2017-12-07 Thread Sam McCall via Phabricator via cfe-commits
sammccall added a comment.

Thanks for putting this together! Have a bit of a braindump here, happy to 
discuss further either here or offline.




Comment at: clangd/Symbol.h:1
+//===--- Symbol.h ---*- C++-*-===//
+//

I think that:
 - there's other places in clangd that deal with symbols too, this is 
specifically for indexing
 - the index interface belongs alongside Symbol
I'd suggest calling this Index.h



Comment at: clangd/Symbol.h:1
+//===--- Symbol.h ---*- C++-*-===//
+//

sammccall wrote:
> I think that:
>  - there's other places in clangd that deal with symbols too, this is 
> specifically for indexing
>  - the index interface belongs alongside Symbol
> I'd suggest calling this Index.h
I don't think having `Symbol`s be completely self-contained objects and passing 
them around in standard containers like `set`s will prove to be ideal.
It means they can't share storage for e.g. location filename, that it's hard 
for us to arena-allocate them, etc.

I think we could use the concept of a set of symbols which share a lifetime. An 
initial version might just be

class SymbolSlab {
public:
  using iterator = DenseSet::iterator;
  iterator begin();
  iterator end();
private:
  DenseSet Symbols;
}

But it's easy to add `StringPool` etc there.
Then this is the natural unit of granularity of large sets of symbols:  a 
dynamic index that deals with one file at a time would operate on (Filename, 
SymbolSlab) pairs. SymbolCollector would return a SymbolSlab, etc.

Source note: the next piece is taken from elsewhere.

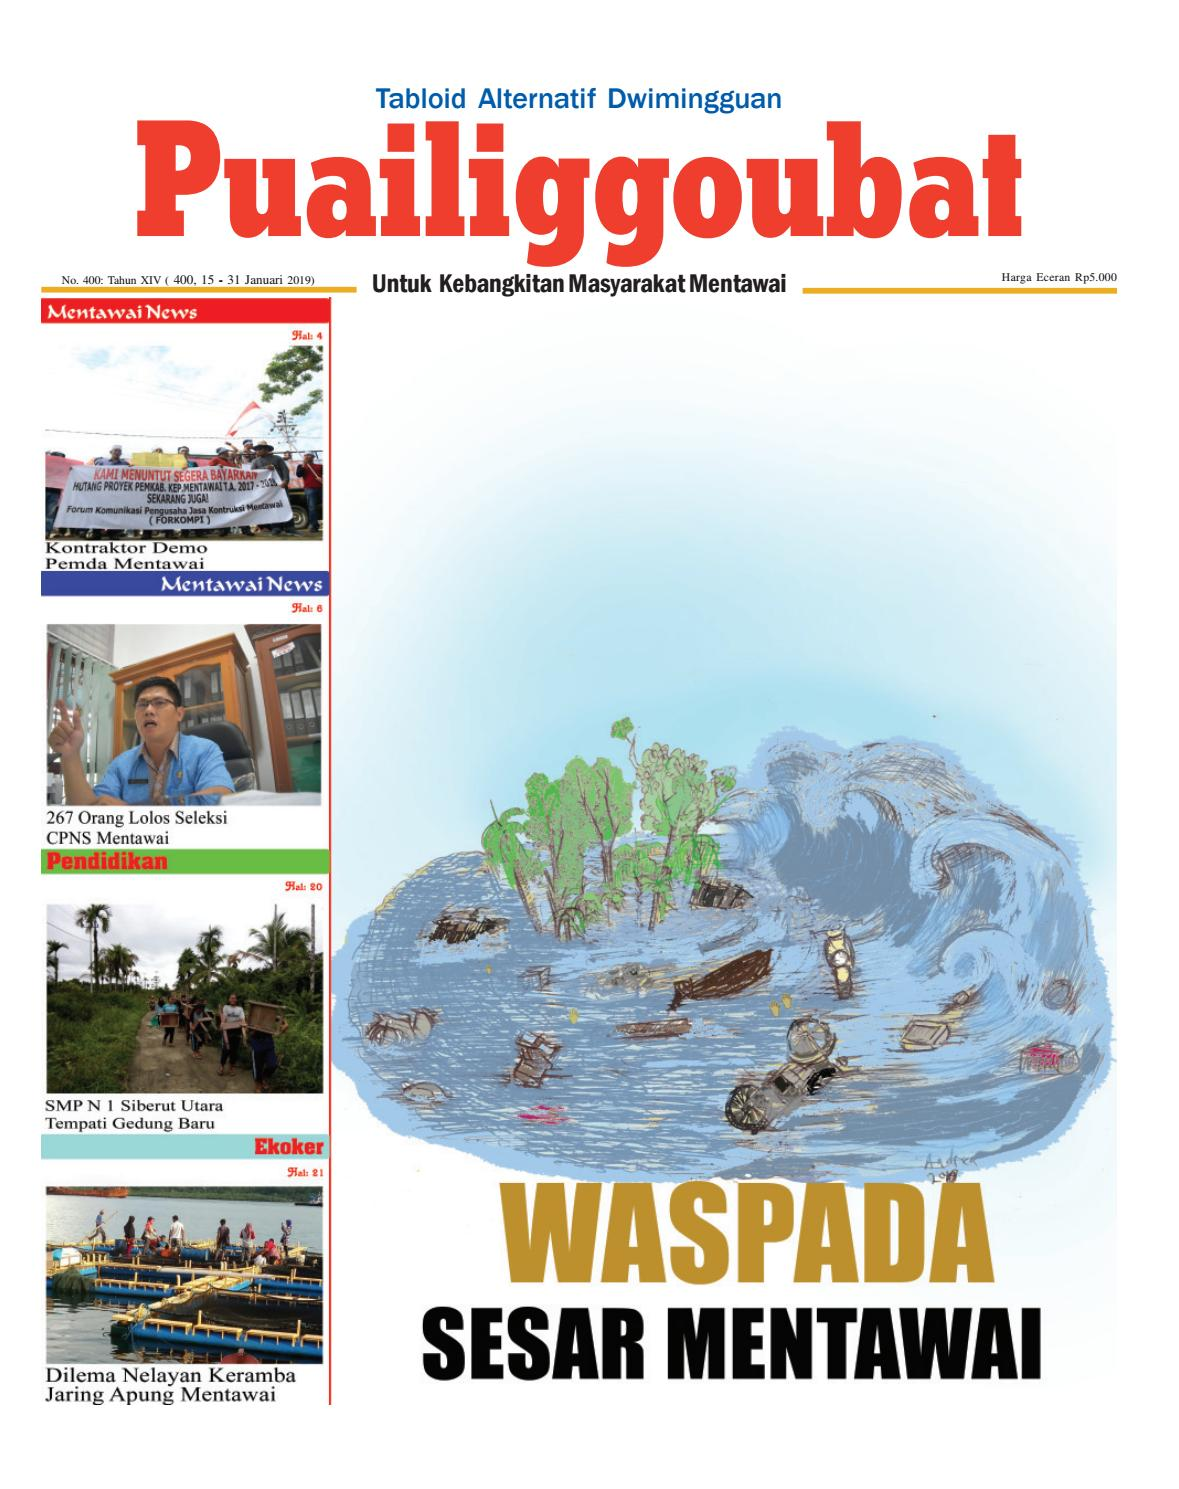 Puailiggoubat NO 400 15 31 Januari 2019 by Redaksi

Then indexes can be built on top of this using non-owning pointers.



Comment at: clangd/Symbol.h:23
+  // The path of the source file where a symbol occurs.
+  std::string FilePath;
+  // The offset to the first character of the symbol from the beginning of the

ioeric wrote:
> Is this relative or absolute?
Having every symbol own a copy of the filepath seems wasteful.
It seems likely that the index will have per-file information too, so this 
representation should likely be a key to that. Hash of the filepath might work?



Comment at: clangd/Symbol.h:32
+
+struct CodeCompletionInfo {
+  // FIXME: add fields here.

Let's not add this until we know what's in it.
There's gong to be an overlap between information needed for CC and other use 
cases, so this structure might not help the user navigate.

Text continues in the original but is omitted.